A medida vale de 26 de fevereiro a 14 de março e visa evitar grandes aglomerações de pessoas

Por Redação VEJA São Paulo Atualizado em 24 fev 2021, 14h17 - Publicado em 24 fev 2021, 12h49

O governador de São Paulo, João Doria, anunciou que todo o estado paulista deverá cumprir o que chamou de toque de restrições’ das 23h às 5h com o intuito de diminuir a disseminação da Covid-19. A medida ocorre na semana em que São Paulo bateu o recorde de internações diárias em UTI devido a doença. A medida vale de 26 de fevereiro a 14 de março.

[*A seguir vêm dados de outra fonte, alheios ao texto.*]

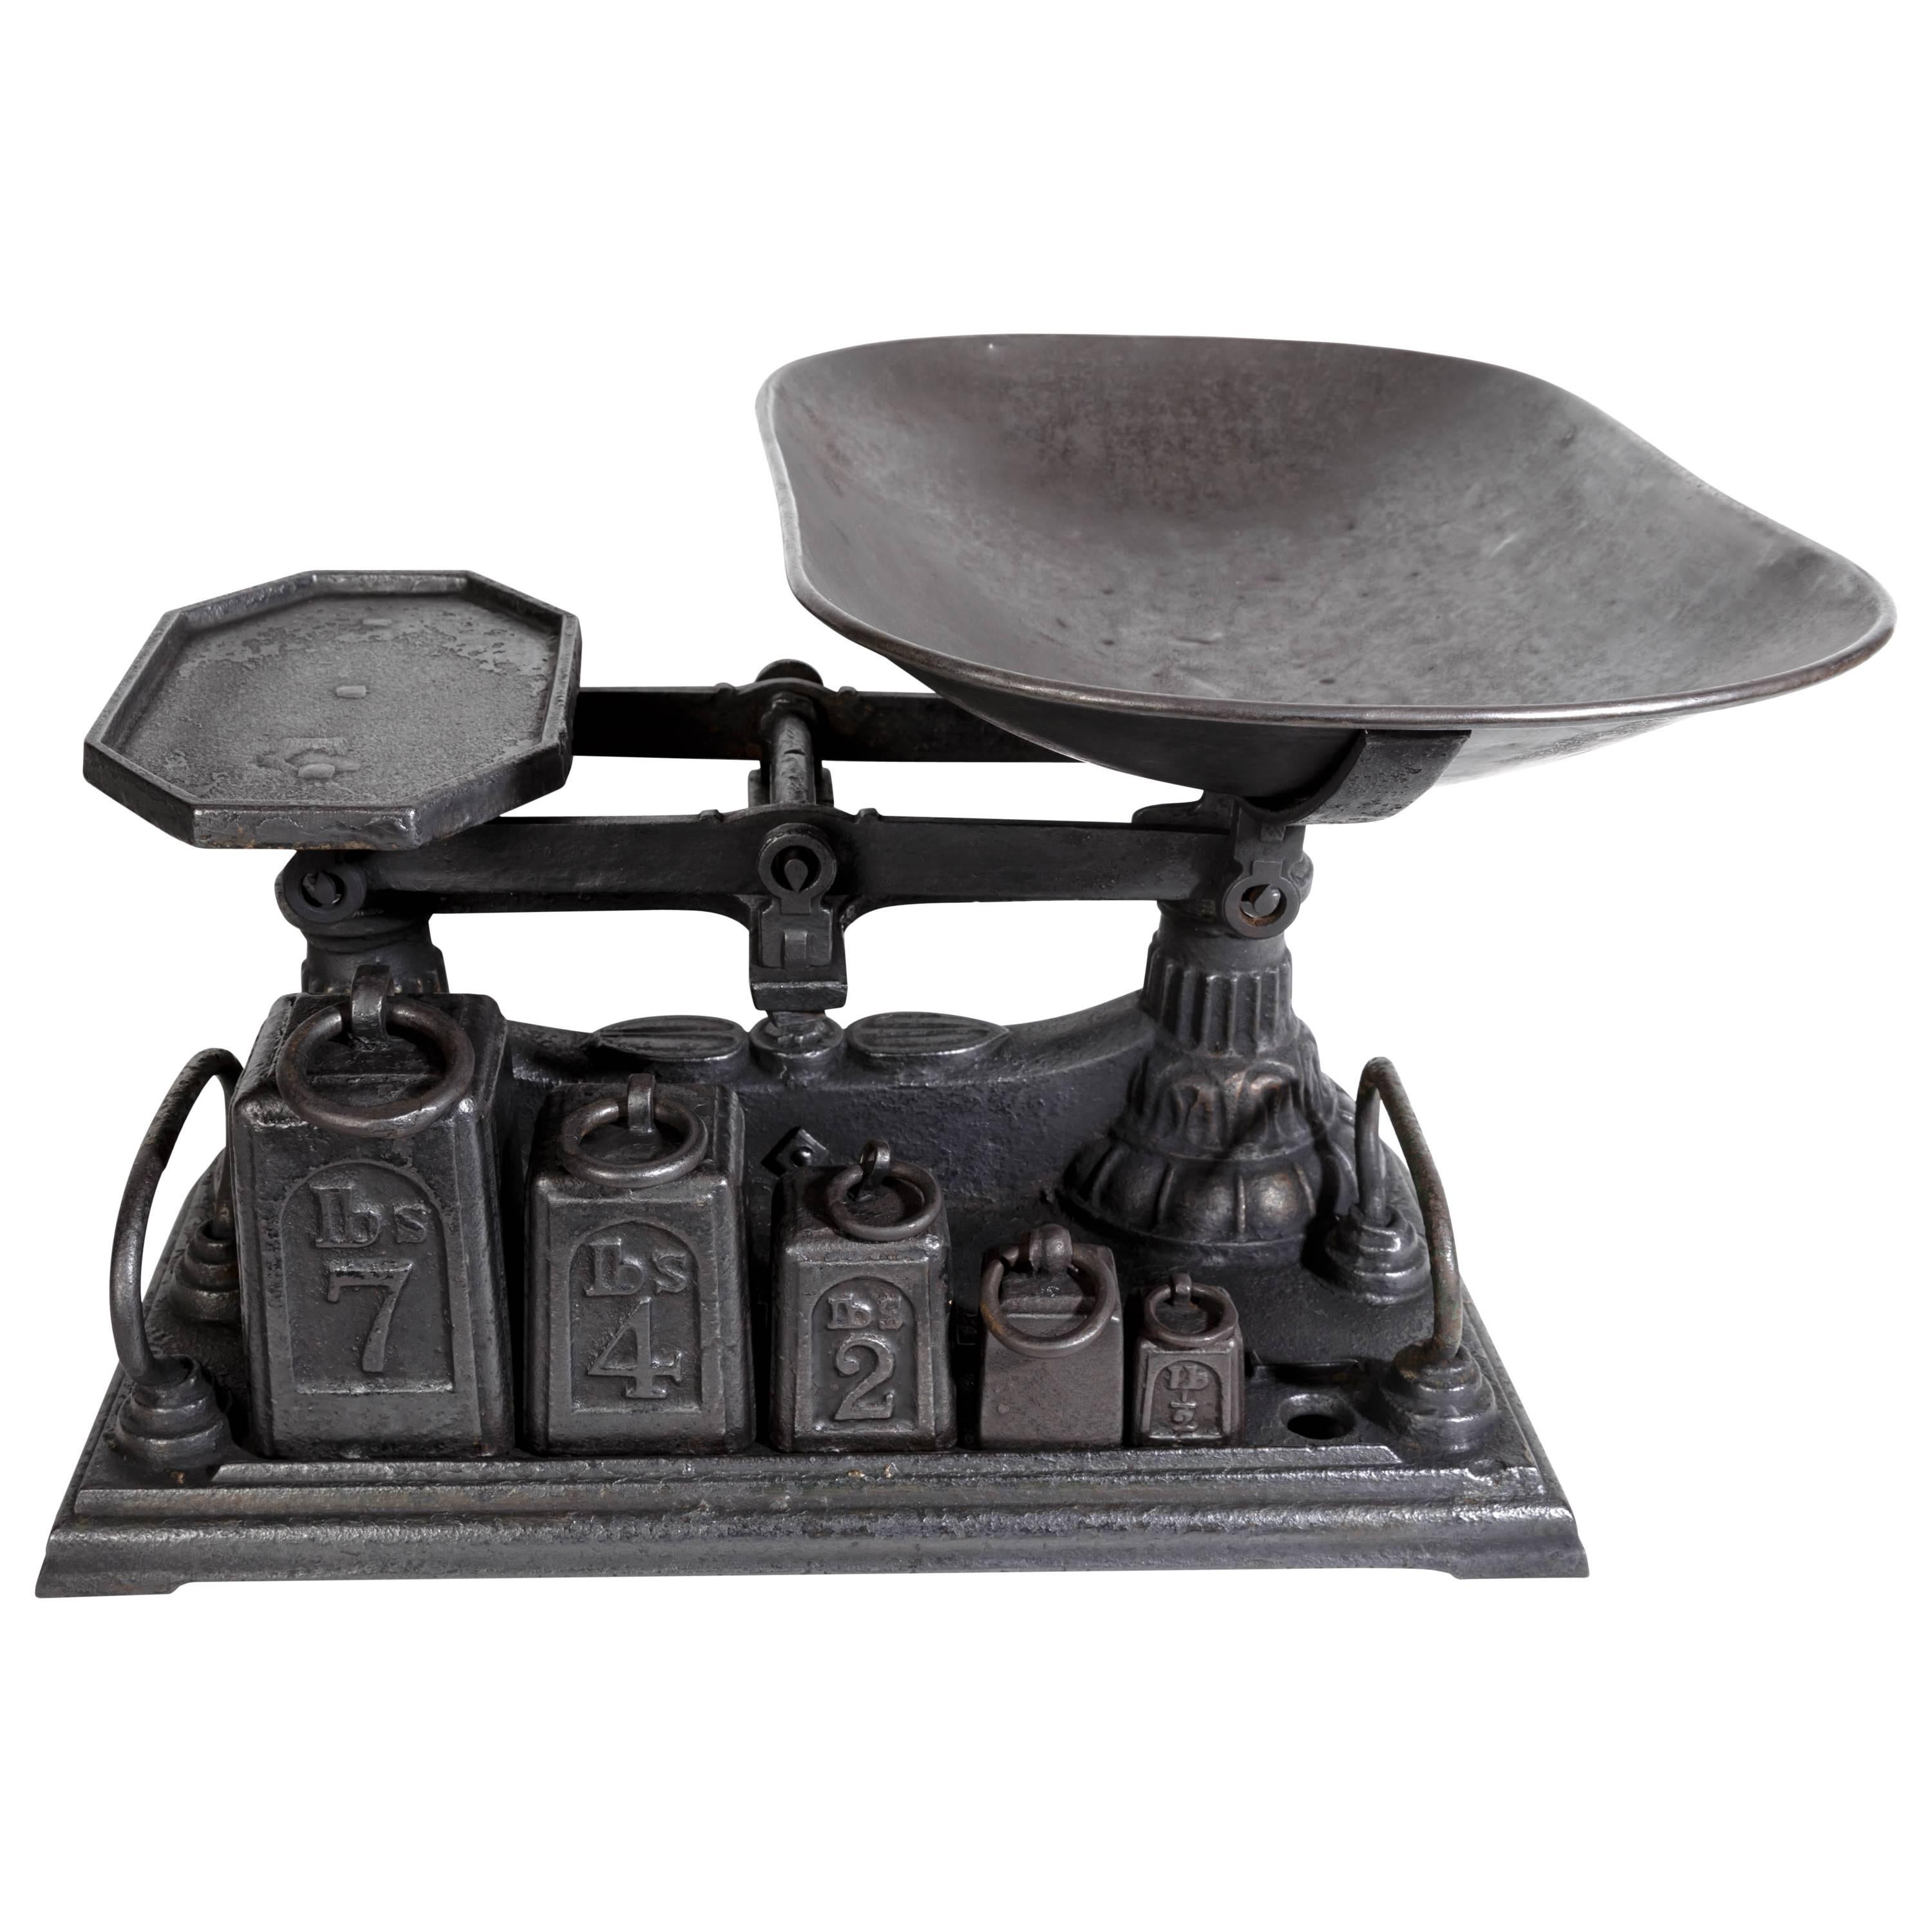 English, 19th Century Polished Cast Iron Scale For Sale
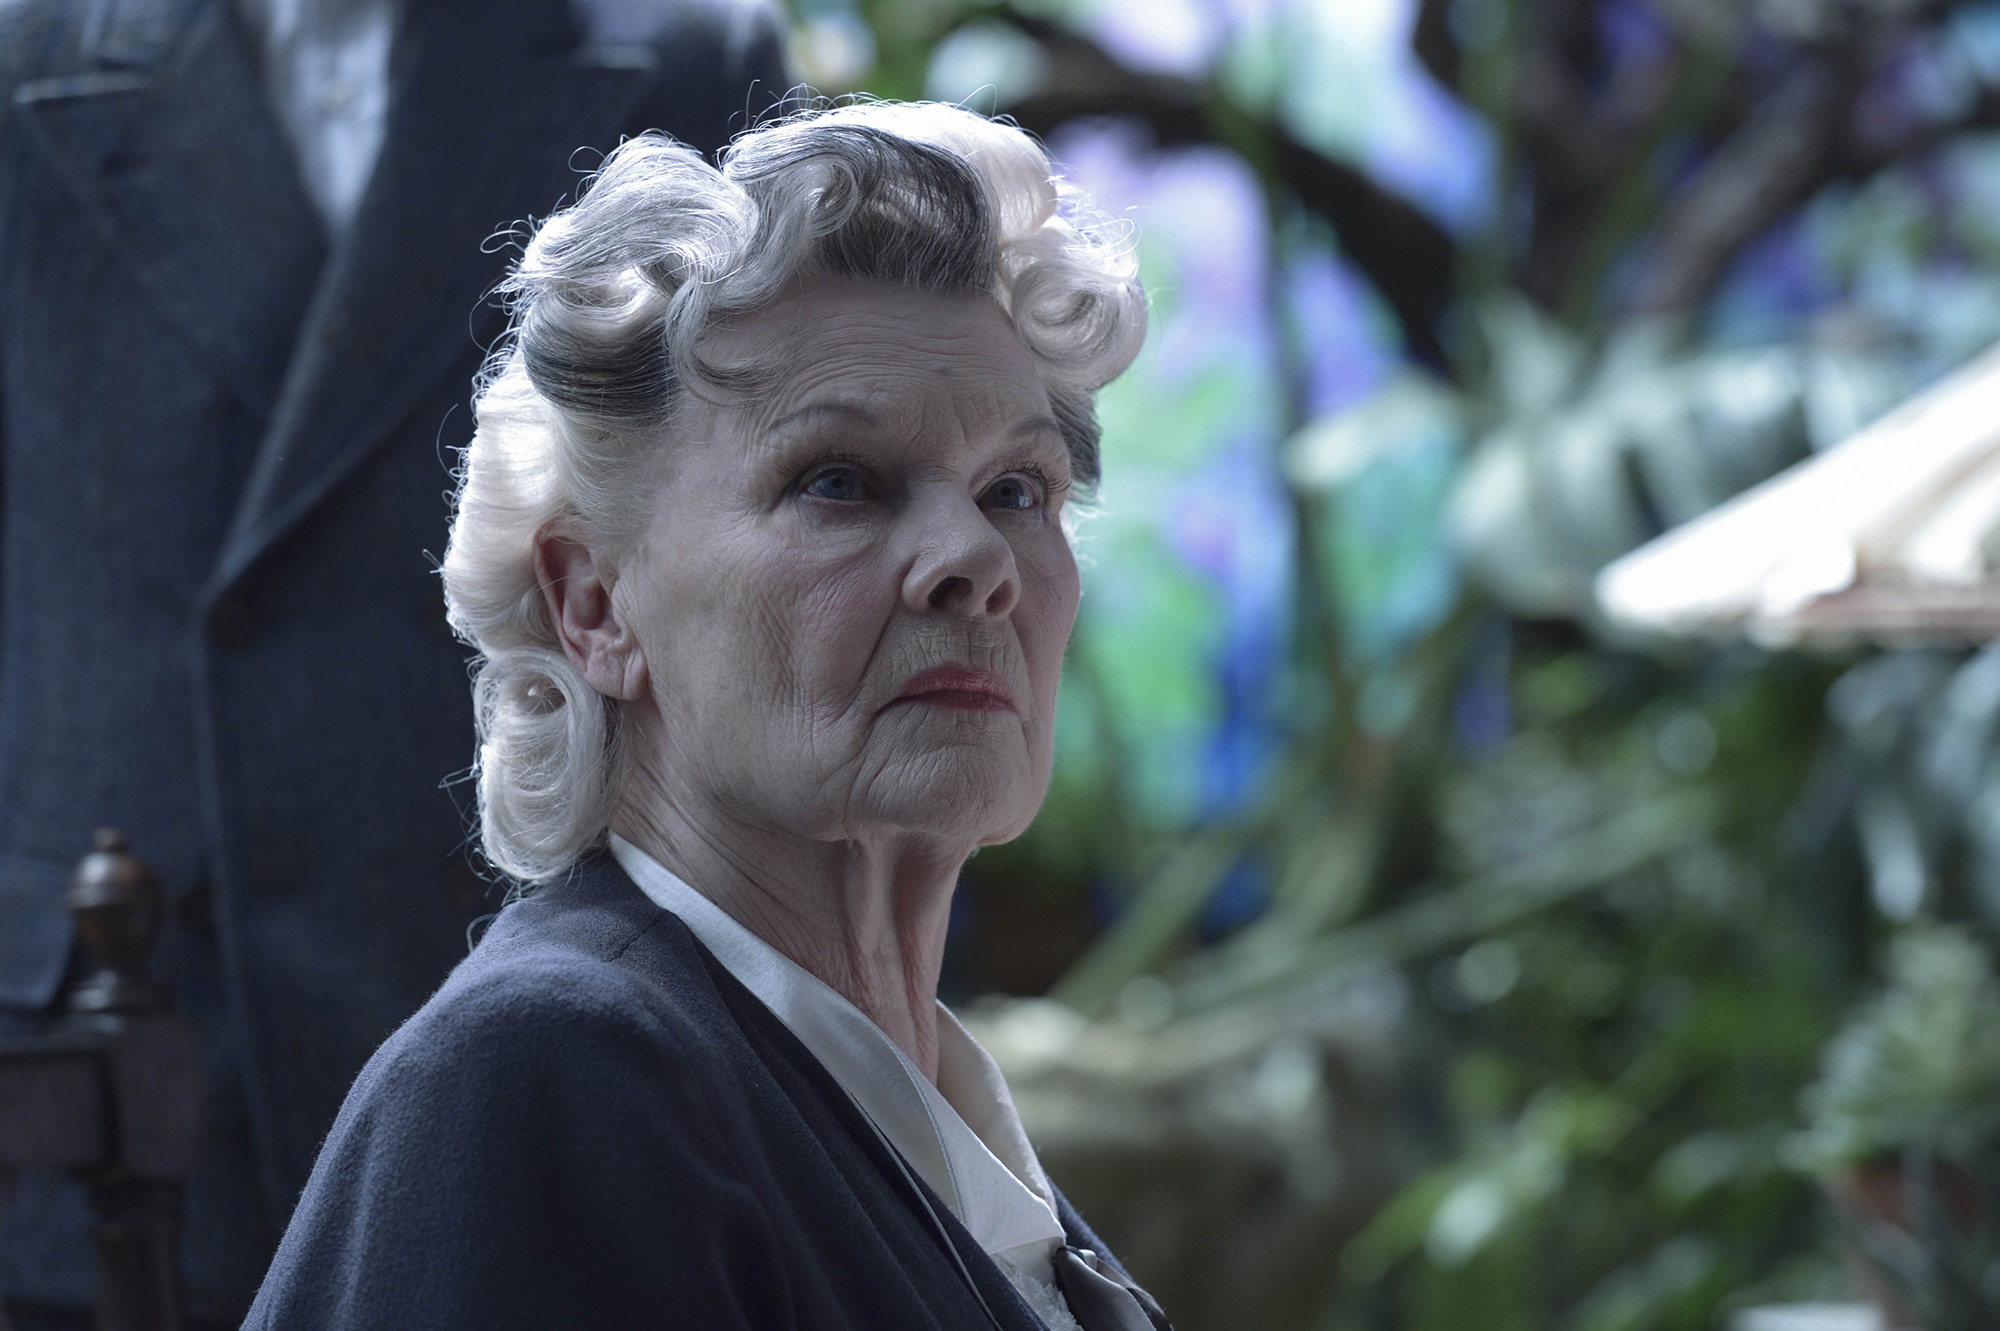 DF-04202 - Judi Dench is Miss Avocet in MISS PEREGRINE’S SCHOOL FOR PECULIAR CHILDREN. Photo Credit: Jay Maidment.

“Dado ao fato de que chegamos ao recorde de internados com Covid-19 no sistema hospitalar de São Paulo, o governo de São Paulo, atendendo expressa recomendação do centro de contingência, decreta restrição de circulação de pessoas das 23h às 5h em todo o estado, de 26 de fevereiro a 14 de março”, disse o governador João Doria em coletiva de imprensa nesta quarta (24).

Os serviços essenciais continuarão a funcionar normalmente durante qualquer período, inclusive o horário restrito. Também não haverá advertência, multa ou impedimento à circulação de trabalhadores. Na prática, o governo do estado vai endurecer a fiscalização contra aglomerações em qualquer horário e eventos ilegais ou proibidos aos finais de noite e madrugadas.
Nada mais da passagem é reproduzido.